Худо-бедно ополоснув ноги в первом попавшемся тазике, Илья отправился искать кого-нибудь из вчерашних знакомых в надежде на ответы и завтрак. От света и возни лемминг не проснулся — знай себе, похрюкивал мохнатым носом, приоткрыв резцы.

 


На кухне нашёлся Арт. Он восседал на подоконнике под открытой форточкой, поджав одну ногу, и глядел в окно, пуская ртом комочки сигаретного дыма. По полу тесной кухни валялись обрезки газетной бумаги. Клеёнки стола почти не было видно: всё занимали плакатных размеров листы, заваленные ещё большим ассортиментом вырезок.

Илья окликнул его:

— Арт, с тем лем... С тем парнем, который в ванной, всё в порядке? Он что, расшибся? Захожу, а у него голова в зелёнке.

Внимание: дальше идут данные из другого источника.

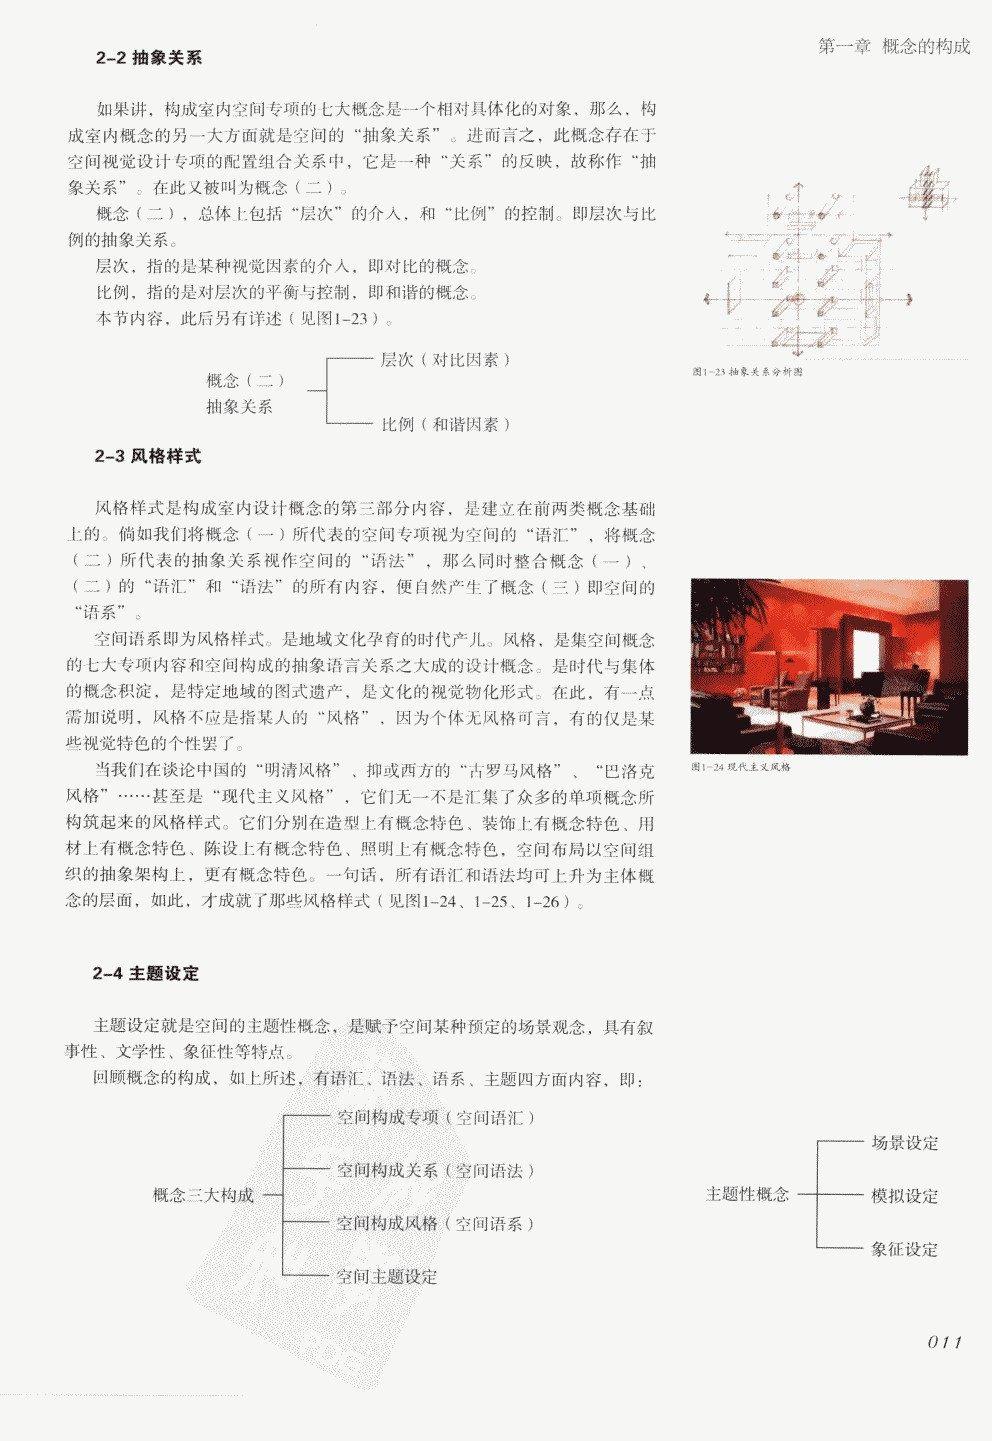 室内设计纲要++概念思考与过程表达_室内设计纲要  概念思考与过程表达_1297982..._页面_019.jpg

Не оборачиваясь, тот издал смешок:

— Конечно, в зелёнке. Он у нас панка корчит. Красит волосы так.

— Вот как...

— Вообще он комиксист. Рисует всякий треш, миксует смыслы — реплики из социальной рекламы раздаёт персонажам Босха, например. Такой же адепт дурного вкуса, как я, хе... Отвязный парень совершенно. Прошлый месяц питался исключительно на помойках.

— Ему не хватает на еду? Но ведь его всегда могли бы накормить здесь, разве нет?

— Не в том дело. Нравится ему так. Стиль жизни. Максимальная свобода. Он этим своё творчество питает, к чему мешать?

— Вовсе ему не нравится, — буркнул Илья, заранее предвкушая бесплодный спор.

— Собственно, с чего ты взял?

— С того же, с чего вчера позвал Настю выручать его. У него... Он такой стиль выбрал, чтобы себя унизить, разрушить. Ну как объяснить? Жизнь его не прёт, вот.

Арт отвернулся, наконец, от окна и смял сигарету о подоконник:

— Это ты верно говоришь. Чувака вчера особенно нехорошо торкнуло. Хорошо хоть, ты заметил. Он потом рассказал, что зрение отшибло, думал уже, что подыхает. Мы его выводили — он «помогите» мычал, а как немного раздуплился, то стал мямлить, мол, «оставьте меня, дайте раствориться в ничто». Ну, я втащил ему пару раз. Панку разве привыкать? По тем зубам много раз влетало.

— Я так и не понял, что помогло, но ему получше. Не бросайте его, ладно?

Арт пожал плечами. Илья огляделся в поисках какой-нибудь снеди, но обнаружил только открытый шкафчик с мусорным ведром, полным обёрток от печенья.

 


— Предрассветные часы — тоже источник вдохновения, — заговорил Арт, уставившись в стекло. — Неприглядная действительность, которую ночь от нас укрывает. Серые хрущёвки на серых улицах, унылые муравейники. Прямо сейчас мои граффити проявляются там, словно на фотоплёнке. Город за ночь неуловимо изменился, но обыватели не подозревают. Пока не подозревают. Они заметят позже.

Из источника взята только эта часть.